YOUR GOAL>
Wherever pictures appear in the listing below, leave them out, and copy exactly, and only, everything from the line with "CTEK MXS 7.0, Batterieladegerät" down to the line with "# # # Banknote".

SOURCE RECORDS>
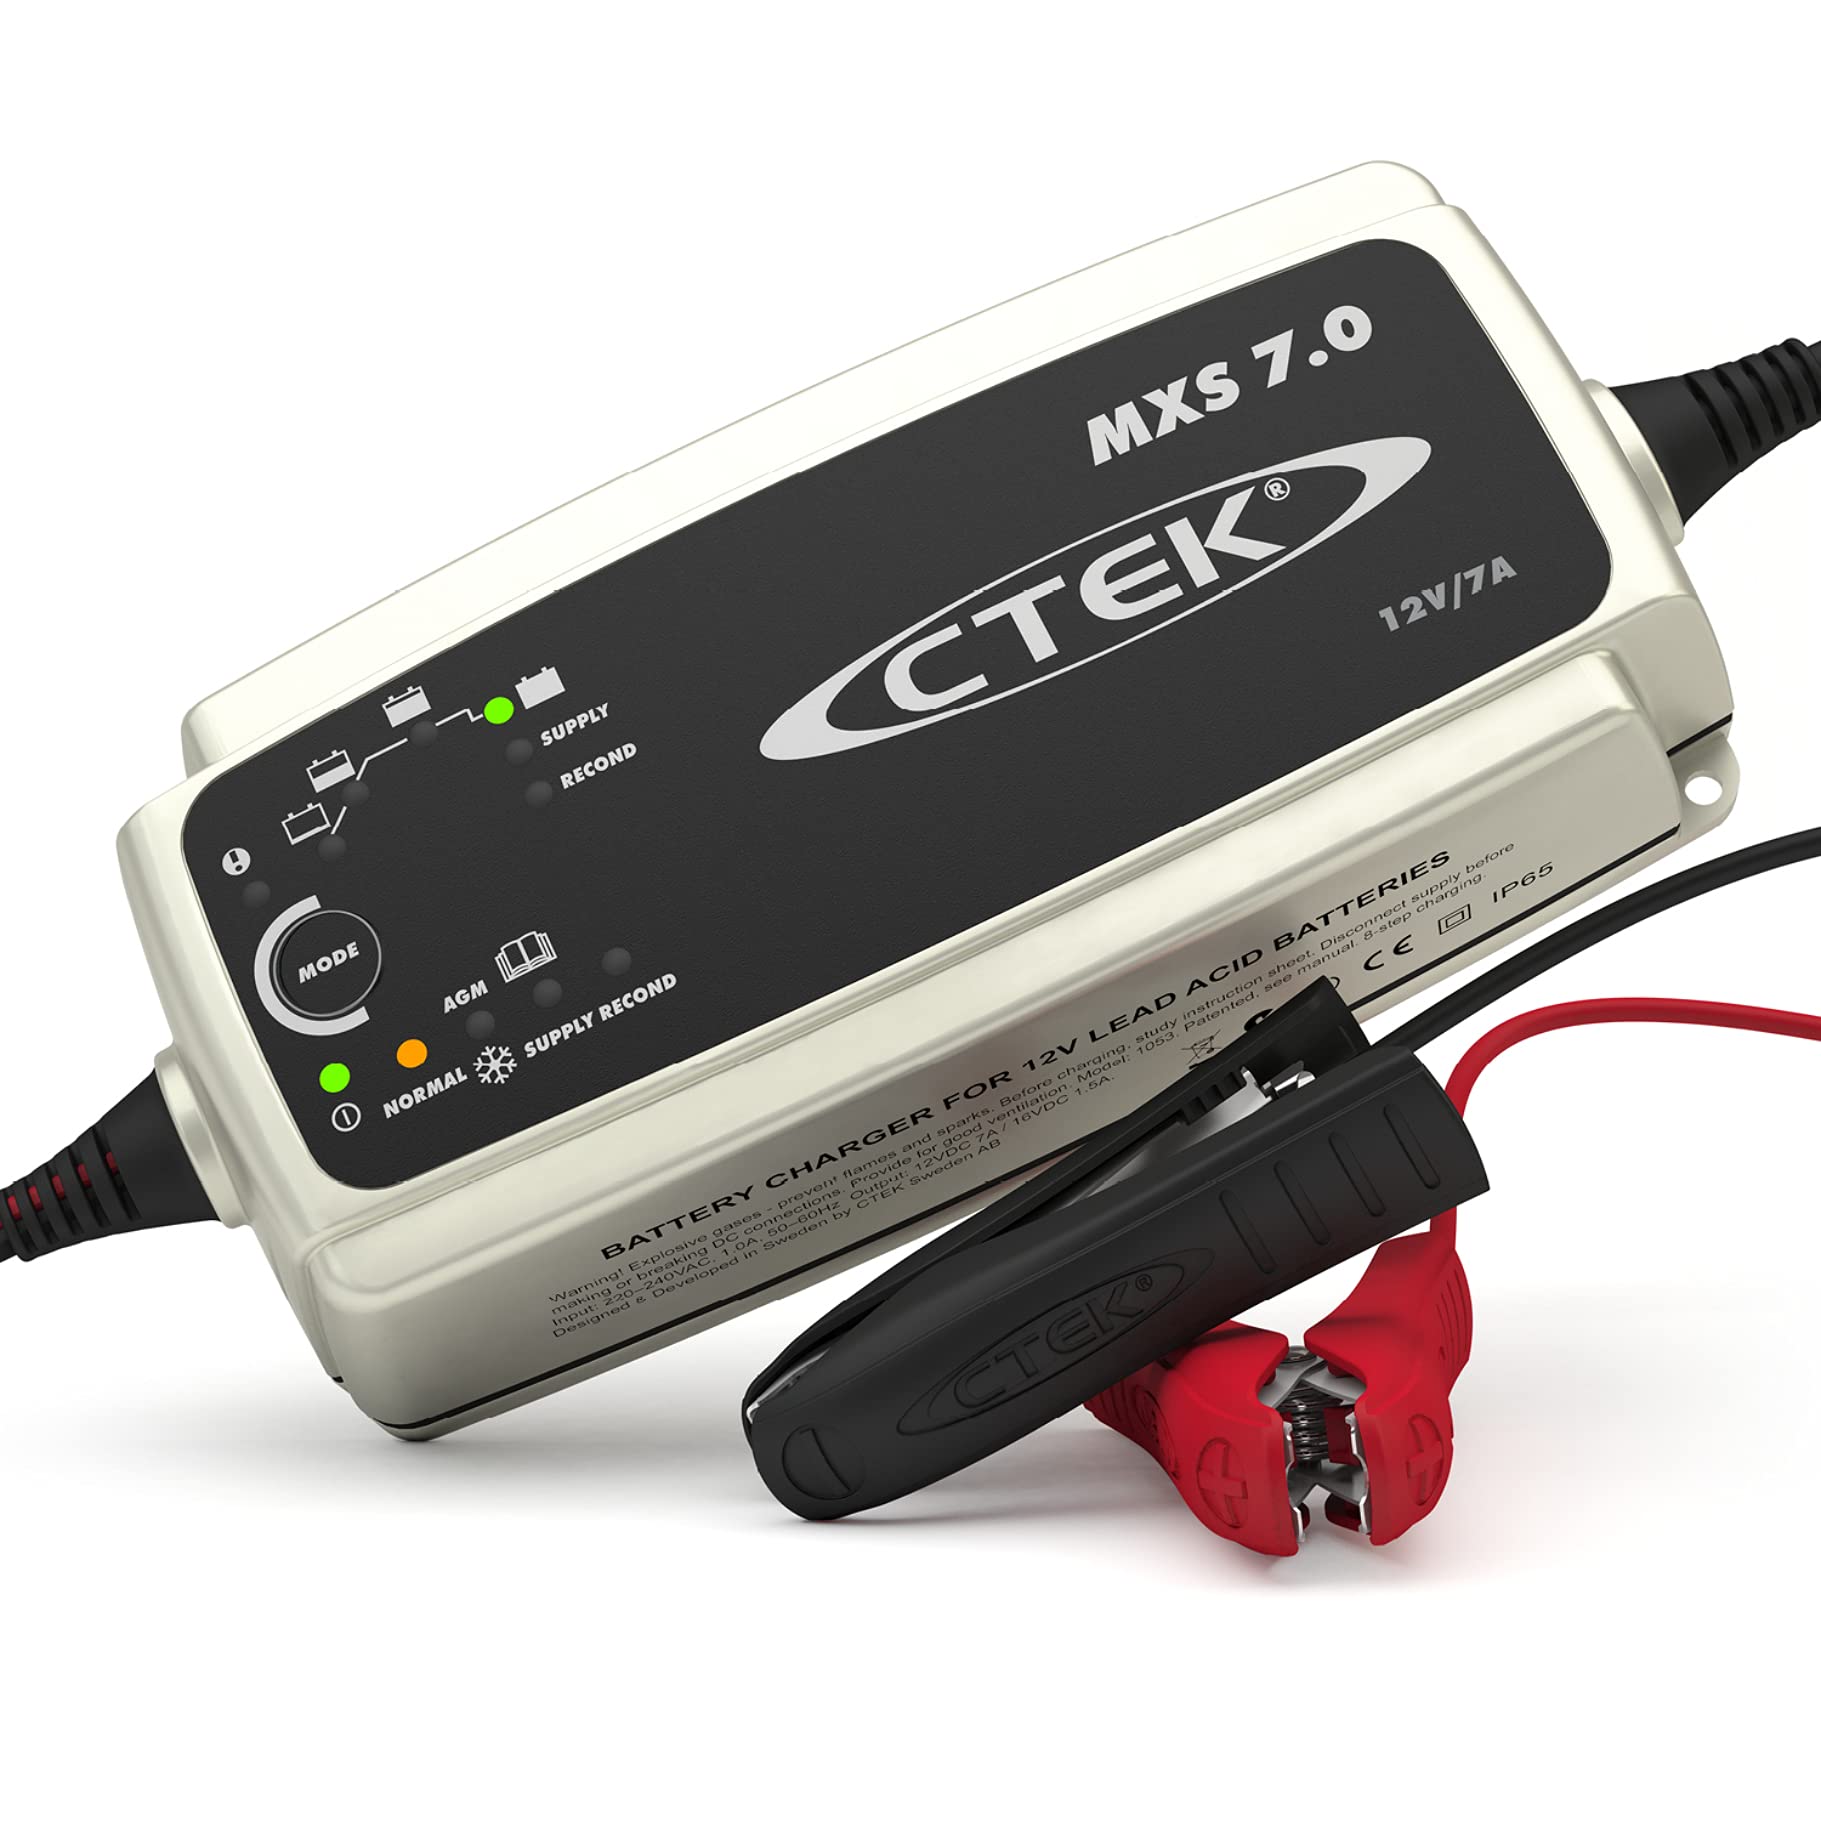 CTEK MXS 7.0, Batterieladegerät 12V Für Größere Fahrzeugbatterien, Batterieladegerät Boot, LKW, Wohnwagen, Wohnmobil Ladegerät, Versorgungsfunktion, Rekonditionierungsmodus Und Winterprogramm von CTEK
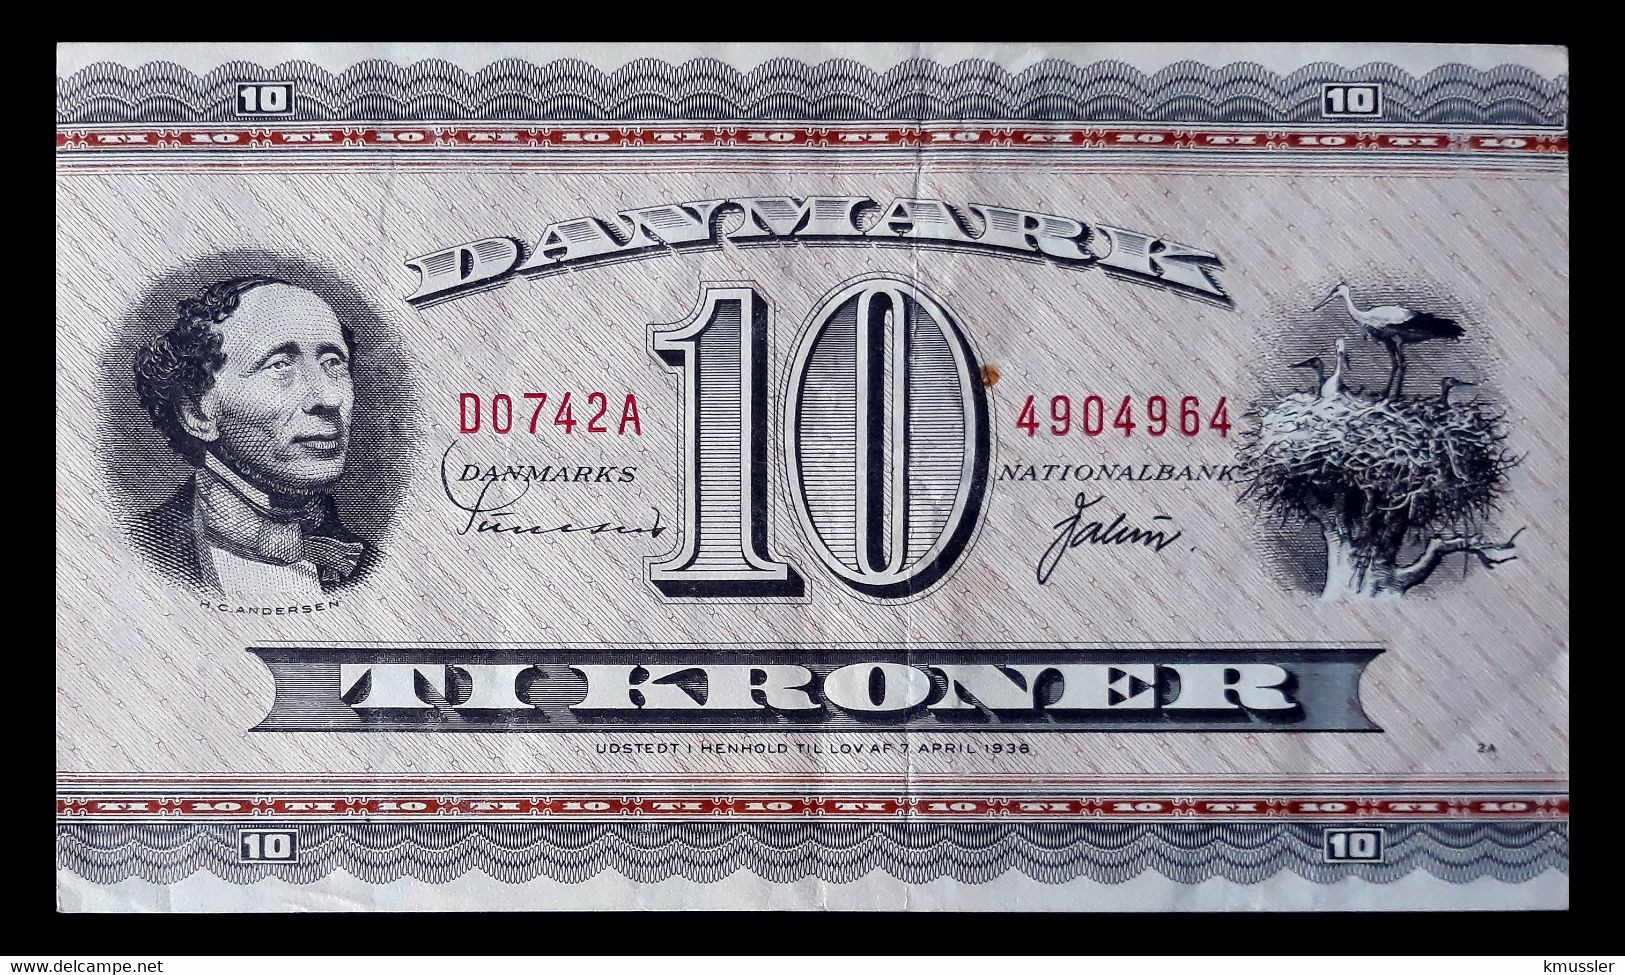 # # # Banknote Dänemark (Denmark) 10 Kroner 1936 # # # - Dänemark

---

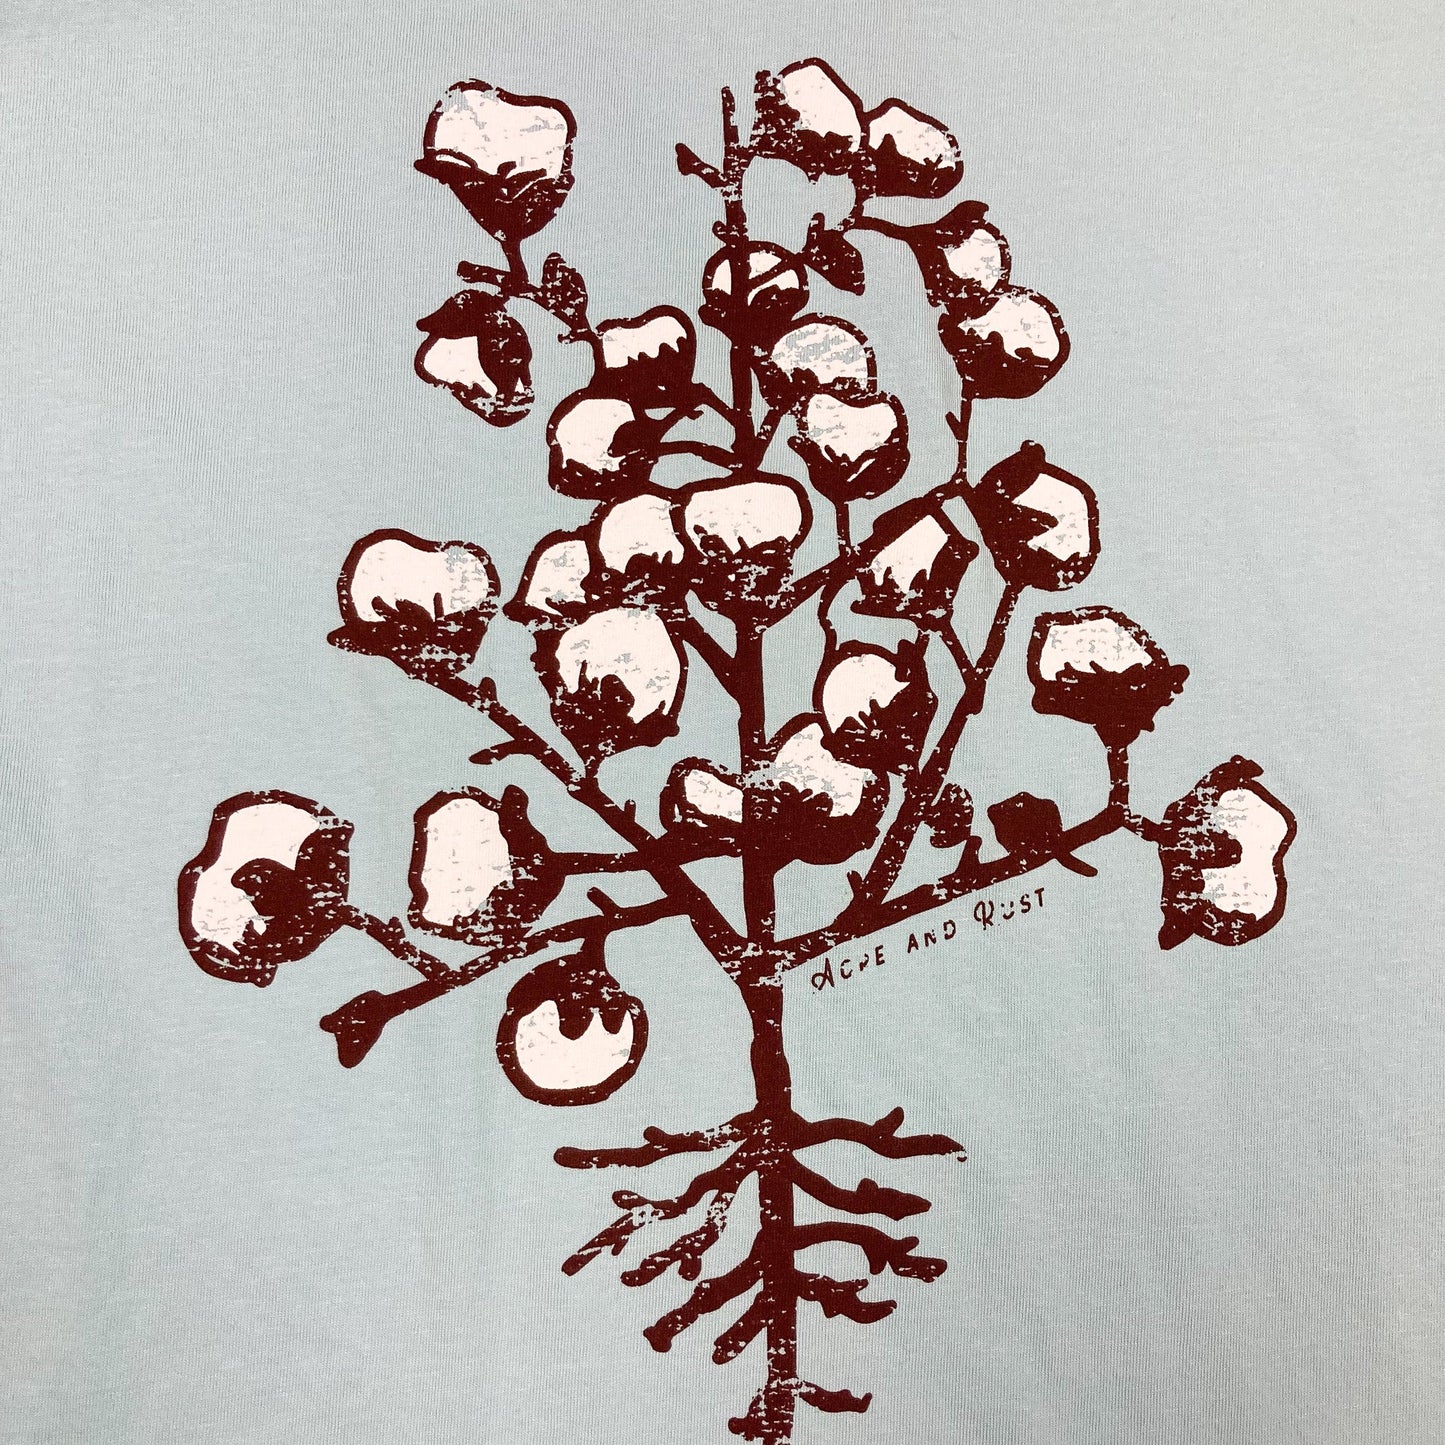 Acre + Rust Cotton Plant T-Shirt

ANSWER AREA>
 CTEK MXS 7.0, Batterieladegerät 12V Für Größere Fahrzeugbatterien, Batterieladegerät Boot, LKW, Wohnwagen, Wohnmobil Ladegerät, Versorgungsfunktion, Rekonditionierungsmodus Und Winterprogramm von CTEK
 # # # Banknote Dänemark (Denmark) 10 Kroner 1936 # # # - Dänemark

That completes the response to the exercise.